The Fascinating Flute (Gopalkrishna Adiga)

If you are reading this translation, it’s possible you know I translate Da Ra Bendre’s Kannada poetry into English. If you don’t – and actually even if you do – I encourage you to read and listen to the poetry of the varakavi of 20th-century Kannada literature and one of the world’s greatest lyric poets.

However, the poem below, is not by Bendre but by Gopalkrishna Adiga, considered by many one of the best Kannada (as well as Indian-language) poets of the 20th-century and the doyen of the Navya movement, a poetry movement in Kannada that modelled itself on Europe’s modernist movement.

A tradition of setting poetry to music began in Karnataka in the early 20th century. Pioneered by Kalinga Rao and Hukkeri Balappa in South and North Karnataka respectively, this tradition came to be called “ಸುಗಮ ಸಂಗೀತ (sugama sangeeta)” or “easy-listening music”. Well-established and respected now, the tradition’s greatest achievement has been to take contemporary lyric poetry to the public. Several of Kannada’s greatest modern lyric poets – including Da Ra Bendre, K.S. Narasimhaswamy, Chennaveera Kanavi, and Chandrashekara Kambara – have benefitted from having their poems turned into a ಭಾವಗೀತೆs or bhaavageetes – a lyric poem set to music.
Of course, one can question the literary merit of more recent bhaavageetes, but that would entail questioning the literary merit (or at least the lyric quality) of more recent Kannada poetry itself; which is a matter for another day.

Anyway, this lyric poem by Adiga has a special place in the world of Kannada bhaavageetes. Since it was first released, it has come to be one of Kannada’s most recognizable and widely-sung bhaavageetes; its use in the 1995 hit Kannada film “ಅಮೆರಿಕಾ! ಅಮೆರಿಕಾ!!” or “America! America!!” served to cement its status. It is, by some distance, Adiga’s most well-known poem, not something he would have been particularly thrilled about. (As it was, he’d grumbled in 1991 itself about how its popularity had begun to mask the complexity of his later modernist poetry.)

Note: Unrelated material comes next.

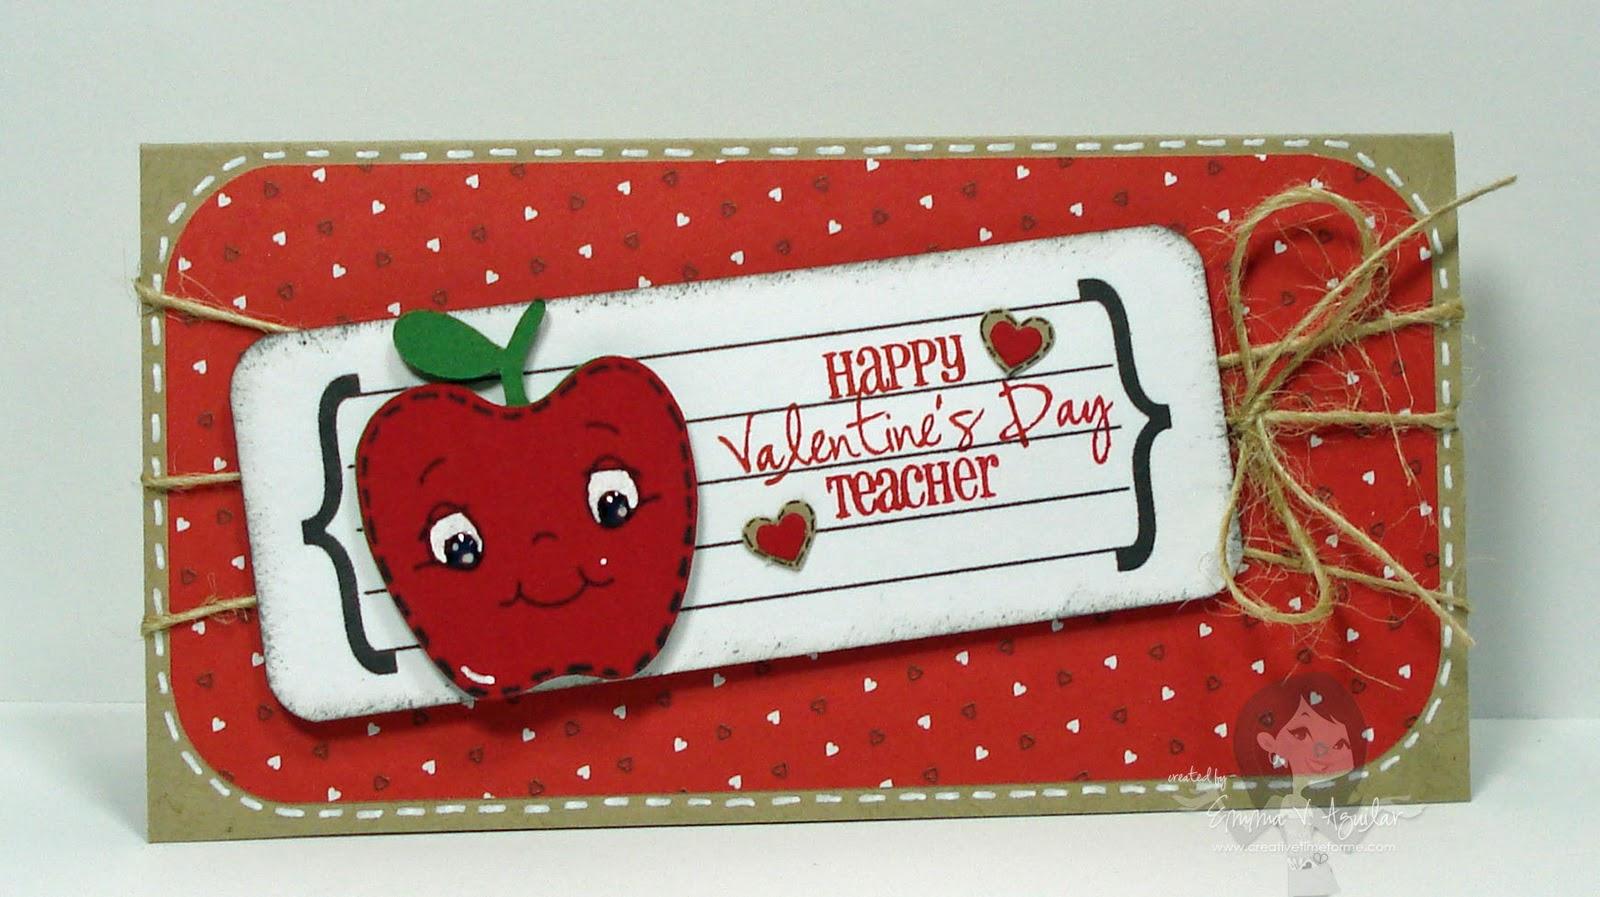 Happy Valentineu0027s Day Teacher!

Like it is with most bhaavageetes, only a portion of the poem’s been sung. Which is why, in addition to offering a Youtube link – in which only stanzas 1, 6, 7, and 8 have been sung – I have added an audio recording of the entire poem.

Original bhaavageete:

Kannada Poem’s Recitation:

The Fascinating Flute (ಮೋಹನ ಮುರಲಿ)

What fascinating flute was it that called you out to distant shores?
Which heaven’s garden wrought its pùll upon these gróunded eyes of yours?

A bed of flowers, sandal, the moon, tight-tangled limbs, a kiss;
within desire’s fenced-in field pláys this dance of the senses;

A soft-heart’s love, the touch of warmth of a cage of flesh and blood;
you said yourself that that sufficed! Why is it that you now feel bad?

What just what dòes it want to say the drift-sight of your rolling eye?
What ecstatic pain does it convey? A plea for which divinity?

Like fire dormant in the wood a despáir seems asleep somewhere;
when something rubs when something strikes an excìtement begins to flare.

Somewhére beyond the seven seas’s a sleeping simmering sea,
did the mute murmúr of its unformed waves come tràvelling all this way?

The life-breath’s now slipped out of hand; you’ve lost all command of your heart;
is to live to leave all that there is and reach oút for what there’s not?

What fascinating flute was it that called to you out of the blue?
Which heaven’s garden’s lightning-hand strétched itself forwards to you?

(Translated by Madhav K. Ajjampur)

Poem Details: From the collection “ಕಟ್ಟುವೆವು ನಾವು”, first published in 1948.

English Translation’s Recitation:

P.S: This is the first time I’m publishing a translation of a poem that’s not by Bendre. (I’ve translated other poems and poets, but never published the translations.) I took it up not simply because it seemed a nice challenge but also because I thought it would pleasantly surprise a friend (and rasika) who’s a fan of Adiga’s poetry. So, yeah – this one’s for you, Aruna.